• WHAT IS BEING ASKED: Reproduce exactly only the lines from the line that holds "Women's t-shirt - DFB - 1" to the line that holds "Поиск на сайте", inclusive, in the listing below, and please leave out every picture.

• SOURCE MATERIAL:

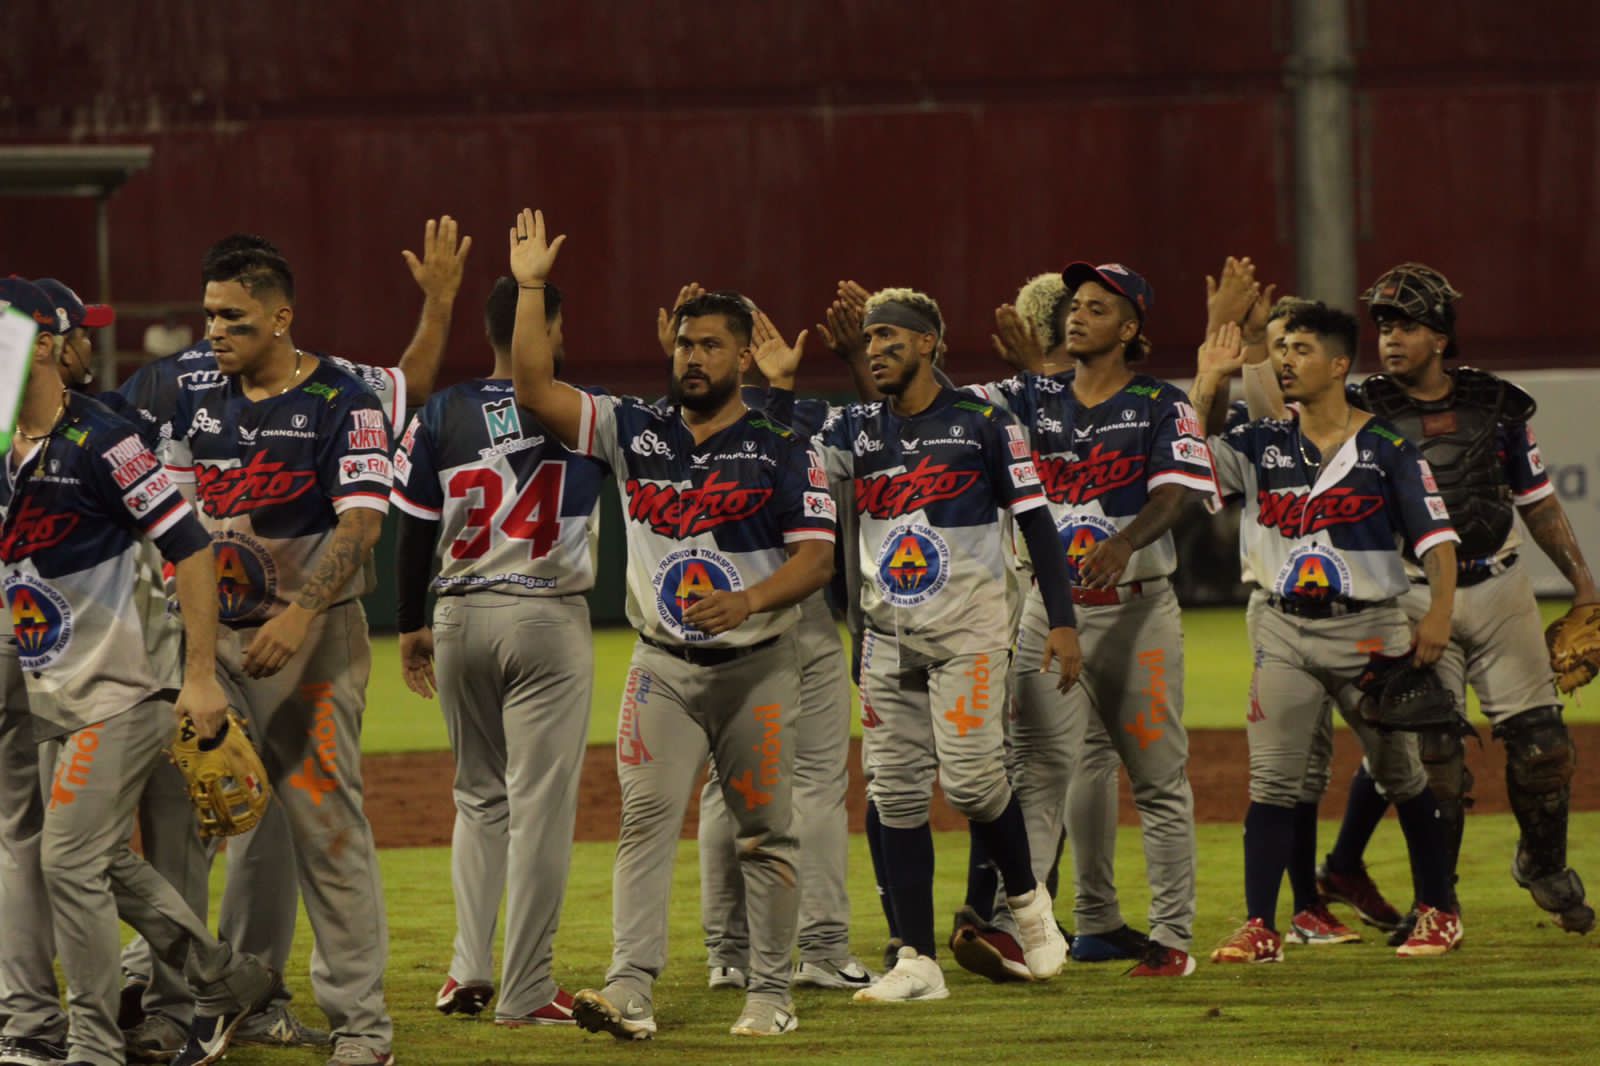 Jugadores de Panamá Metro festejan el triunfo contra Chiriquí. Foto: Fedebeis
---
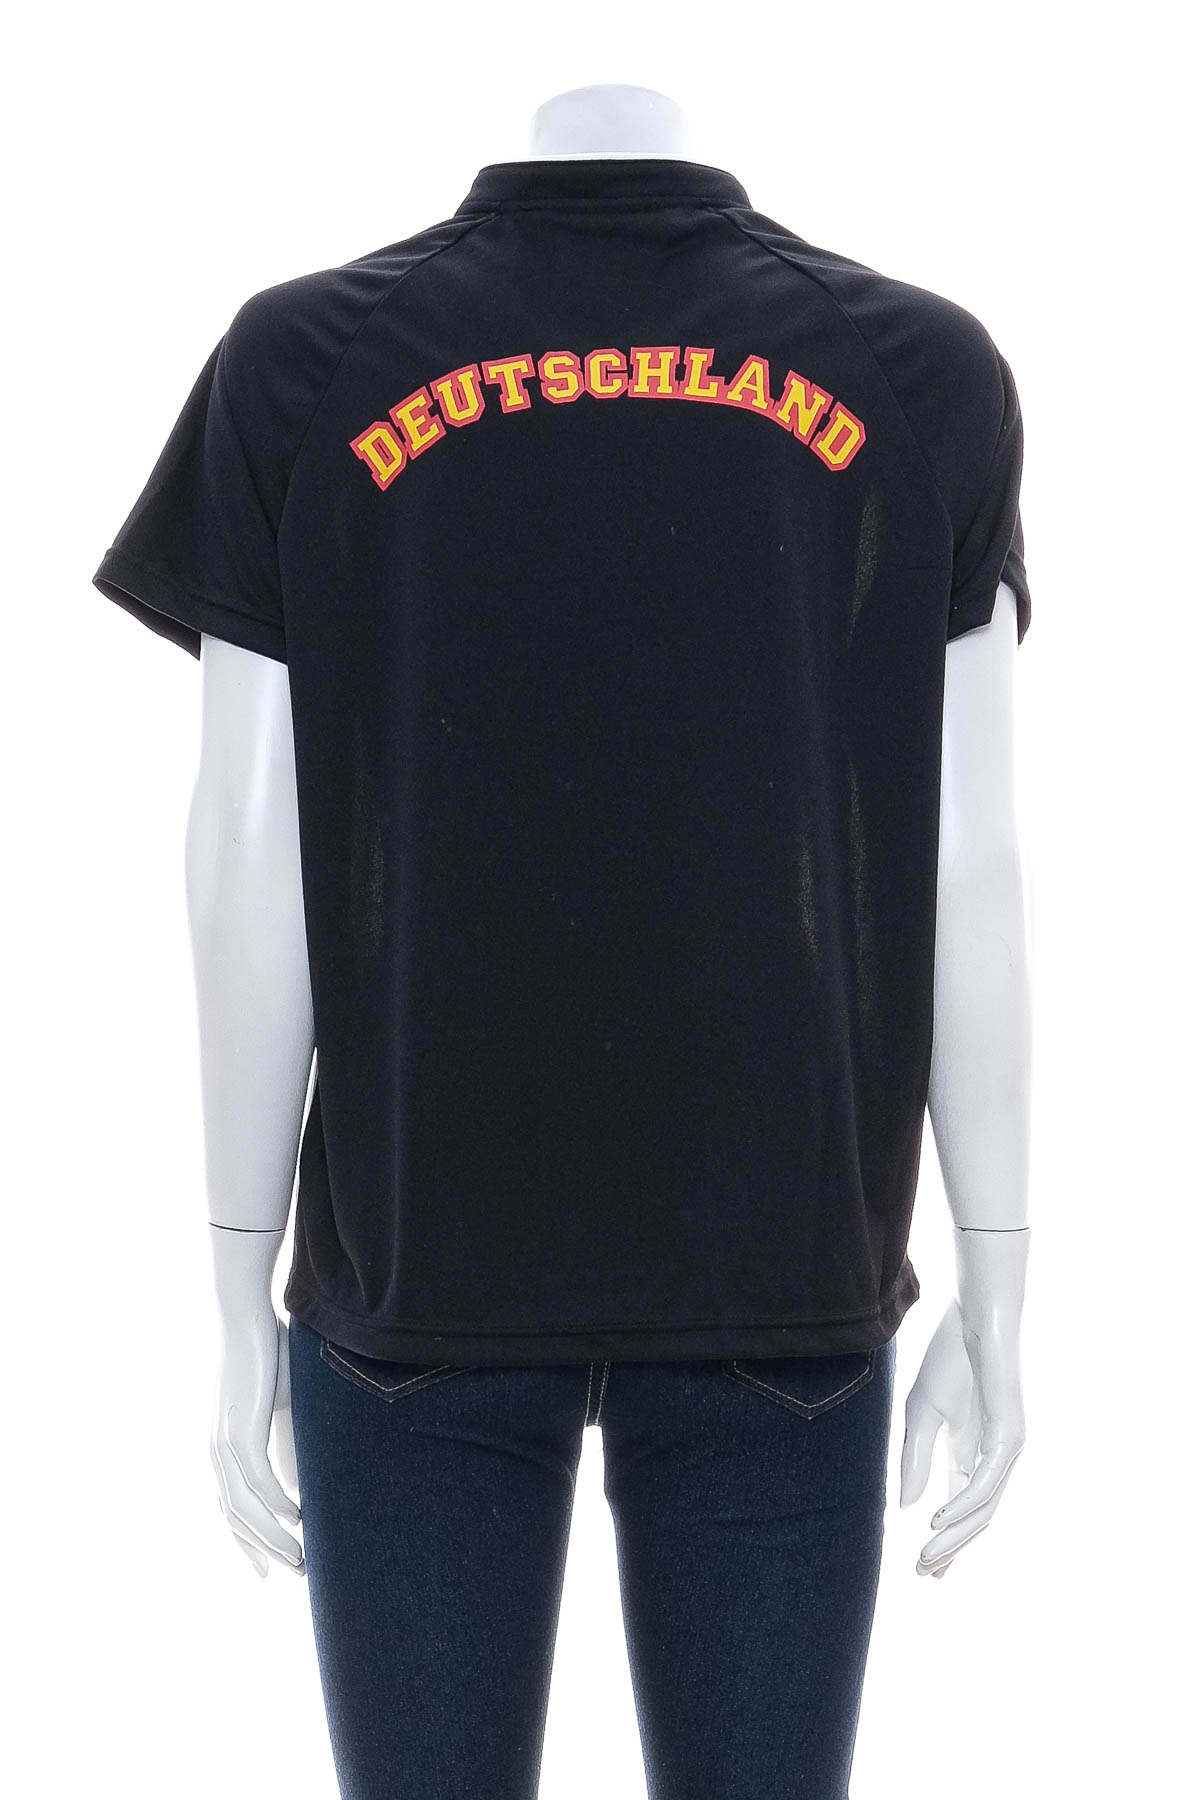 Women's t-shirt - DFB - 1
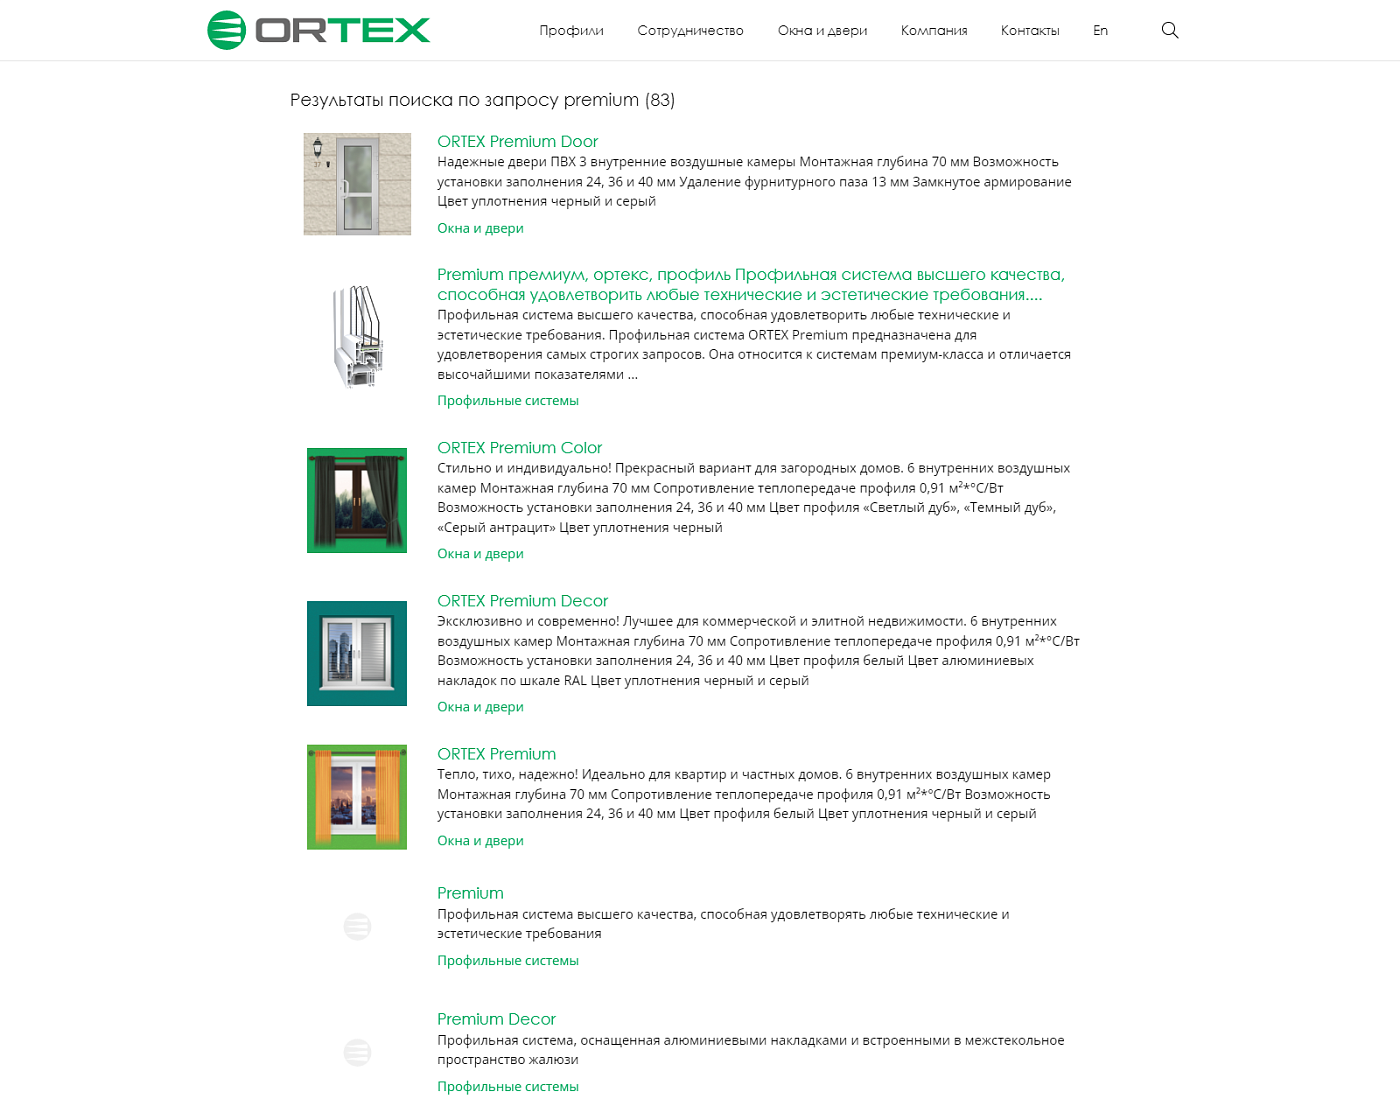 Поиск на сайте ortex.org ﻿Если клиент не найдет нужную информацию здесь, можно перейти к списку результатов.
==
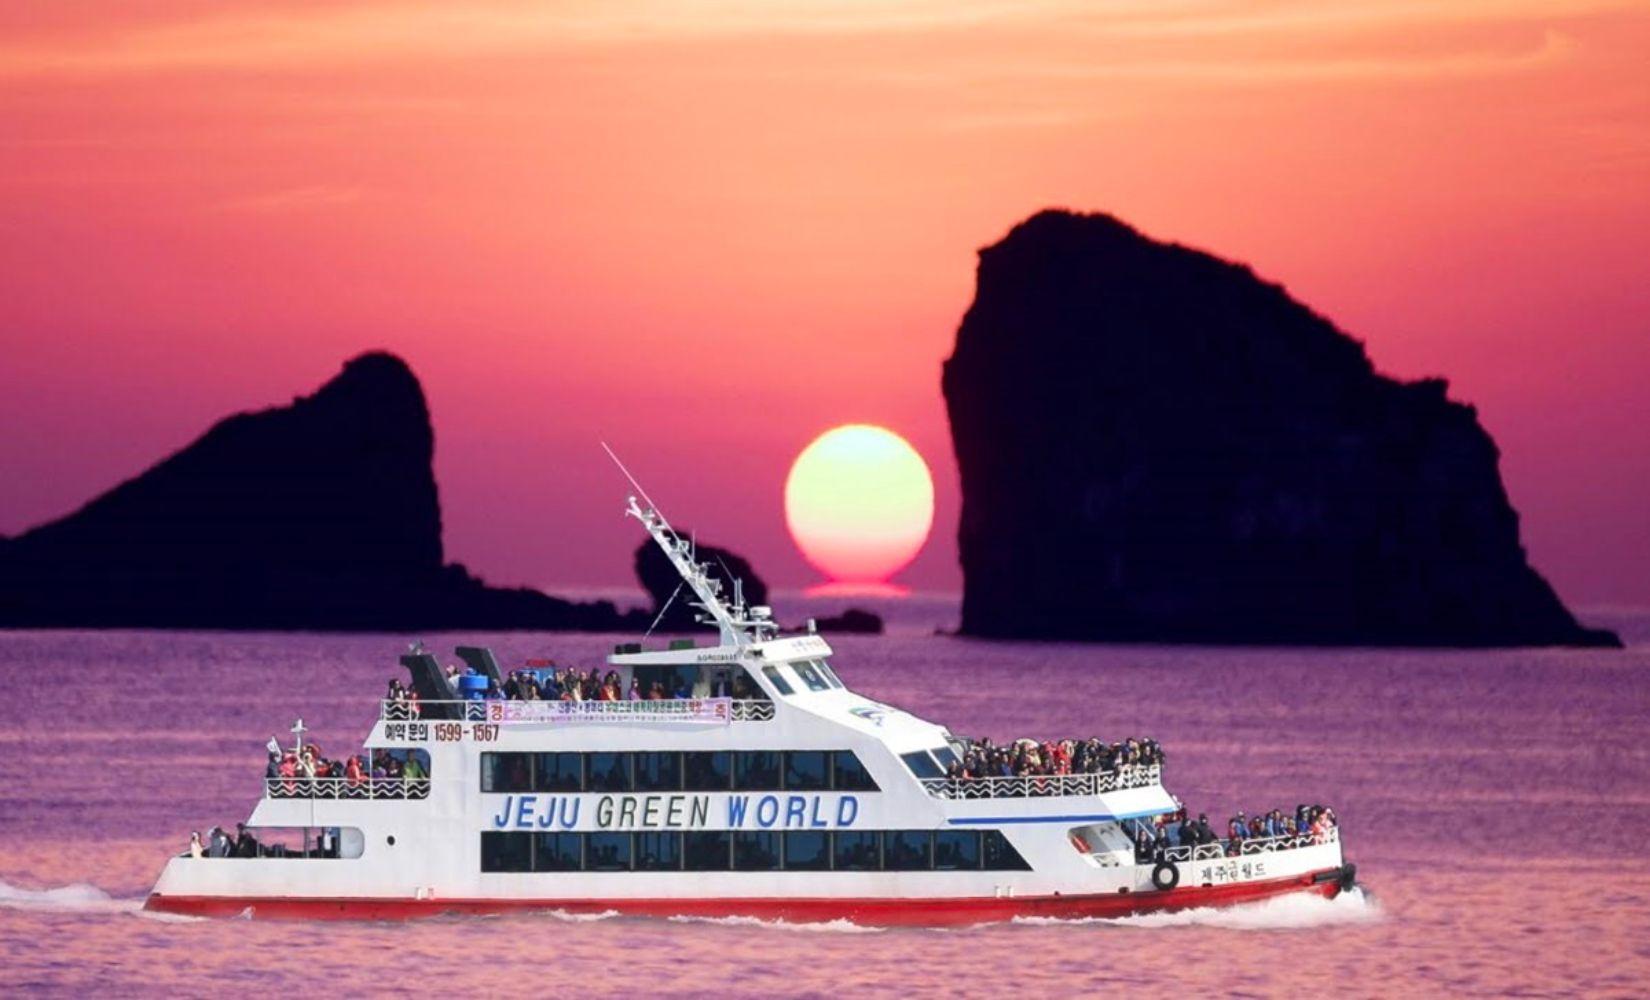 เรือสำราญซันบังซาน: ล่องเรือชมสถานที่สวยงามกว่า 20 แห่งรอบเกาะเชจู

• RESULT:
 Women's t-shirt - DFB - 1
 Поиск на сайте ortex.org ﻿Если клиент не найдет нужную информацию здесь, можно перейти к списку результатов.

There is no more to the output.